— Вашими бы устами… — уныло сказал Гриша.
— Моими бы устами, да. Моими устами, если хочешь знать, я однажды шевелил без звука минут двадцать — и где же? В железнодорожных мастерских, среди своего же брата, среди мастеровых: оказалось, там такое меньшевистско-эсеровское гнездо… Не дают мне говорить — и баста! Орут, свистят. Я, конечно дело, не ухожу, продолжаю говорить. А в помещении меня не слышно — ни одного моего слова! Что тут будешь делать? Ну наконец улучил я минутку — прорвался: «Да погодите вы, умники! Отдохните маленько! Очухайтесь! Я вам про вино хочу рассказать… В Италии есть такое вино, черное — «вино-негро» по-ихнему называется…» Ну, это ж всякому любопытно: какое это такое черное вино? Поутихли. Ну, короче тебе сказать: начал я с этого пустячка, еще кой-что рассказал про Италию, все, что сам знал, а знал я немного… А потом незаметно, понемножку перешел к тому, как Ленин приезжал на Капри к Горькому. Сперва про Горького, потом про Ленина. И что ж ты думаешь? Выслушали меня до конца. Сказал я все, что нужно было в тот день сказать! Понял?

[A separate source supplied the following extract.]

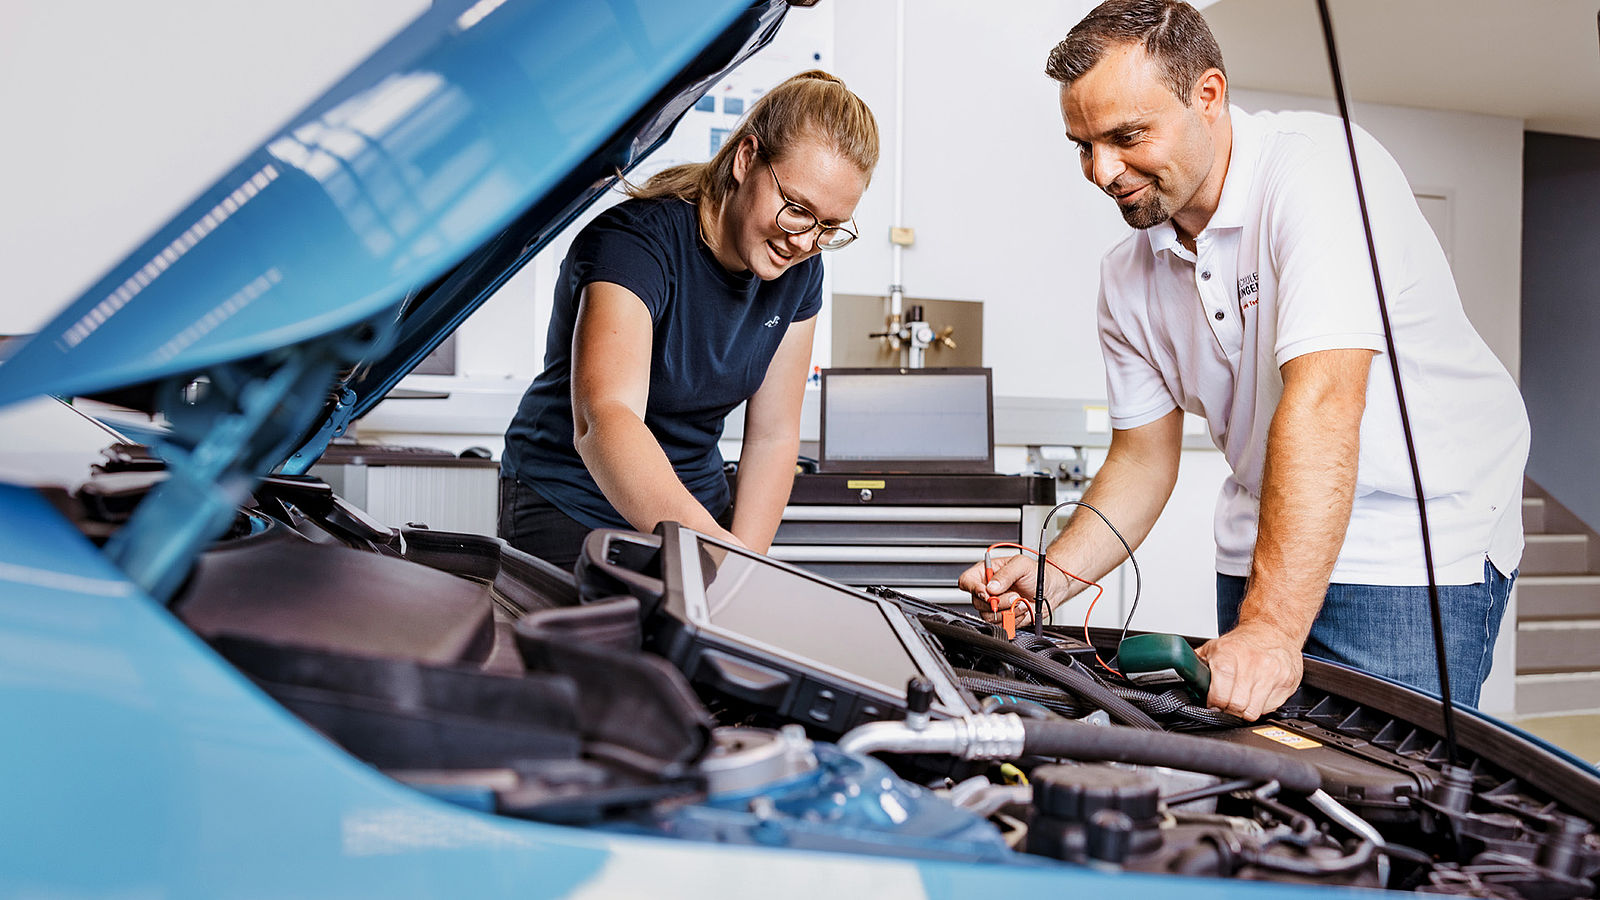 You can work as an academic lecturer or in the classical field of engineering after your studies in Engineering Education Automotive Engineering – Mechanical Engineering.

— Понял. И думаю, что выручило вас совсем не «вино-негро», а то, что выступали вы среди рабочих. И были для них — своим.
— А ты не свой? Погоди-ка, погоди. Не перебивай. Человек, который учил меня в свое время уму-разуму, Иван Васильевич Бабушкин, рассказывал мне. Довелось как-то Ленину встретиться с рабочими-обувщиками, — дело это давнее, тебя, должно быть, тогда и на свете-то еще не было. Обувщики жалуются Владимиру Ильичу: за все их штрафуют на фабрике, за всякую мелочь. Не так повернулся — штраф… Каблук косо на башмак поставил — штраф. Другой бы ученый человек, по образованности своей снисходительный к рабочим, как себя при этом показал бы? Обязательно поддакнул бы: «Ах, какие действительно жестокости». А Владимир Ильич — нет, засмеялся: «Ну, если каблук косо поставил, тогда, пожалуй, штраф-то и за дело». И тут всем ясно стало: да он же сам рабочий человек! Ему, как бы сказать, снисхождение оказывать пролетариату не приходится.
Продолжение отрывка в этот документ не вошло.